Futures

To say the least, my perspective on life has been changed tremendously over the past month or two – how long has it been since I last posted? For one thing, my short term future has been set, though not literally in stone, it’s about as close as it gets. The academy has accepted my application for reappointment and I have accepted their offer. I have signed my life away, or at least a 7 year chunk of it.

(In other news, the fan in my computer is dying and making an awful racket, which has contributed to my lack of blogging – and computering in general)

I will be spending a week this summer as a Platoon TAC for JROTC summer camp at in Gruber Oklahoma; Funny how futures link back to so many memories. I think that my path through the academy was laid in for real at JCLC the summer after my freshman year. Lt. Col. Kennedy decided to sit down at my table at lunch and talk to me about them. I guess I was more than a little convinced.

The biggest uncovered future, I guess, really is nothing but an uncovered past: What got me here to begin with – both here to the academy and here to California.

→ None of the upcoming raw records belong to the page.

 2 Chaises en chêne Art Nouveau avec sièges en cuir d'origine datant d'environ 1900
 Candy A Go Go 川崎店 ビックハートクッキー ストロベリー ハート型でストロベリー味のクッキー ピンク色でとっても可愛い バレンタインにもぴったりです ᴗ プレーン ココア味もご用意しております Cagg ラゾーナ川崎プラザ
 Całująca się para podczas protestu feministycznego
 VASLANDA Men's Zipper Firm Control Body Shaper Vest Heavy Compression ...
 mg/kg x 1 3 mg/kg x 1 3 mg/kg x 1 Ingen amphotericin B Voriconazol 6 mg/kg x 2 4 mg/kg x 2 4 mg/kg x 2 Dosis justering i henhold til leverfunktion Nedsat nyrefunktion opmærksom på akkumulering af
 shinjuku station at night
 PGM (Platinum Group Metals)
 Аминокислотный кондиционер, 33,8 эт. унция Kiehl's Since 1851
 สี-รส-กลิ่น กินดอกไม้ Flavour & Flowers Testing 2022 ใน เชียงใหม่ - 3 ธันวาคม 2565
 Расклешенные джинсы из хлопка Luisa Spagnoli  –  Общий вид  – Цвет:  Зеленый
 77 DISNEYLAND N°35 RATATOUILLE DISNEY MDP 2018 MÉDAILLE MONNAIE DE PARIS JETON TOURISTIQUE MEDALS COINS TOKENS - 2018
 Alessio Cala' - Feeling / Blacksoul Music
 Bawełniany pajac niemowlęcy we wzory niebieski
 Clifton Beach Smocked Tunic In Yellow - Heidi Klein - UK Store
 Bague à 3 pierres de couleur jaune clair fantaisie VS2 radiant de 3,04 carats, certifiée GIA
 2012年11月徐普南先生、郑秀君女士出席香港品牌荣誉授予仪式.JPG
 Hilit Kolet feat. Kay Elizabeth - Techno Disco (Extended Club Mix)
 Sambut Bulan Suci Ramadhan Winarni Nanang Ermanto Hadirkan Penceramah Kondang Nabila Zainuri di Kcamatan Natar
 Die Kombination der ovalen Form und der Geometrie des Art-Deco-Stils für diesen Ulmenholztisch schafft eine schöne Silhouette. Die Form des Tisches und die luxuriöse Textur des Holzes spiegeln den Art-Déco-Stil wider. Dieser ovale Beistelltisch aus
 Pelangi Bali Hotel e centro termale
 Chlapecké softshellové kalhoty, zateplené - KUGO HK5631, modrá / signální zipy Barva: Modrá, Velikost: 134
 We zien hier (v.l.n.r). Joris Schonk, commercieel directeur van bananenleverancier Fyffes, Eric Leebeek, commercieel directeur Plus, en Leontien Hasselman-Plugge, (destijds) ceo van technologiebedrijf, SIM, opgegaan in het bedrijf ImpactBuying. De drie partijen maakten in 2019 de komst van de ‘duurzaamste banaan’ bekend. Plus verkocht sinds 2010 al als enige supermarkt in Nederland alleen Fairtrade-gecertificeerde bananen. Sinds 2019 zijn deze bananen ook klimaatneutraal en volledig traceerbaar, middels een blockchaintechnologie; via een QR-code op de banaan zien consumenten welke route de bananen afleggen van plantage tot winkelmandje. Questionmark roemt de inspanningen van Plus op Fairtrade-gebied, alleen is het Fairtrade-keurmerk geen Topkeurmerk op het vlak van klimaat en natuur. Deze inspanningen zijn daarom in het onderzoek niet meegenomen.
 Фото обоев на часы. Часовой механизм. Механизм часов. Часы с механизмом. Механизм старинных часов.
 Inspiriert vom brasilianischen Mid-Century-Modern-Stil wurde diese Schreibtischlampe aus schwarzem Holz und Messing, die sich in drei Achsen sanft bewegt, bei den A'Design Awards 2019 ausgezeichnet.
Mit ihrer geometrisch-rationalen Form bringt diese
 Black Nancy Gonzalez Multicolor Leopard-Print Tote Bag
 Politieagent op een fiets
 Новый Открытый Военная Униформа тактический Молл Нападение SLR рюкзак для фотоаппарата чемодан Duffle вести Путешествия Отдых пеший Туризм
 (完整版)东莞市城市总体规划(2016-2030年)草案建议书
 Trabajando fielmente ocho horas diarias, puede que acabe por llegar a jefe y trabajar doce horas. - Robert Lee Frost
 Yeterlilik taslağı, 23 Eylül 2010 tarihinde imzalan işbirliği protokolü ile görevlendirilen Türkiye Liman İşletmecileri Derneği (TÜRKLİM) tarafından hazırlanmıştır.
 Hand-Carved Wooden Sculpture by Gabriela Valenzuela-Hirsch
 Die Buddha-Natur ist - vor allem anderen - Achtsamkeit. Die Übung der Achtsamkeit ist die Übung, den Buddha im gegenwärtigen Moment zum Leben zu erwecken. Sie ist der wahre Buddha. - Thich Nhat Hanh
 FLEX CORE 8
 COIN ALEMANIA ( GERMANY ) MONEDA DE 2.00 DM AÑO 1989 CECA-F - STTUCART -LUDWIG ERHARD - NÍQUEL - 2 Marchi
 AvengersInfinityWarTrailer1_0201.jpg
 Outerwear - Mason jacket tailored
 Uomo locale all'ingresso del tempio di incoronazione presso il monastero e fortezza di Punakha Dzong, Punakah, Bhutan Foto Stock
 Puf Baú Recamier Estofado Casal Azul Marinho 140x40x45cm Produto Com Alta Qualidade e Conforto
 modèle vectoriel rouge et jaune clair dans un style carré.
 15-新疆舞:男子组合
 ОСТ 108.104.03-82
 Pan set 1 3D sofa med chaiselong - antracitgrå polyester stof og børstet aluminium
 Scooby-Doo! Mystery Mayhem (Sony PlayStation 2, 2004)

I did not join the Air Force to become another among the many. I joined with the intent of becoming one among the many but not cut quite of the same cloth. The defining moment that most easily illustrates that came from a day that I am certain none of my classmates even took note of.

State benchmark testing was well underway, and as such, we were not in our usual classes when the pledge of allegiance started (have I blogged about this before? I’ve told the story so many times before . . .). I was generally in my JROTC class – where of course everyone at least stood, even if they refused to say anything. This day was different.

Instead of saying the pledge with my fellow cadets, I was surrounded by my IB classmates – my colleagues who were earmarked to be the best in whatever field tickled their fancy. It didn’t even occur to me that the pledge might mean anything different to them than to my JROTC classmates. When the intercom cordially invited us to stand however, I found myself to be one among two who chose to participate – I think we were both shocked, because I could not hear them saying anything and I could barely hear myself.

The best and the brightest don’t believe in this country – so why does it come as any surprise when things begin to fall apart? – but that’s really not the point at all.

Since then my purpose, my intention in serving has been to protect the freedom of my classmates not to stand up if that is what they should choose. That is something that I easily forgot in my first two years at USAFA – making this year a necessity.

This past Saturday we participated in the May day march in San Diego – they are held around the country, but that is where we were. I was extremely uncomfortable with the situation on the way there, however, I was so directly reminded of my initial intent – and another layer to it – that I am without regrets for going.

It is imperative that the people in this country who have a voice lend their ears to those who do not. That is what we did on Saturday and that is another layer to what I hope to do through whatever avenues I have available to me – through whatever career paths this all may lead me down. I will follow this faithfully – and pray that I never again forget the roots that led me here. Without them, I am but another grain of rice in a vat of horchata.

This country has the potential to rise to even greater heights – or to fall to all-time depths. The deciding factor will be our investment in its success.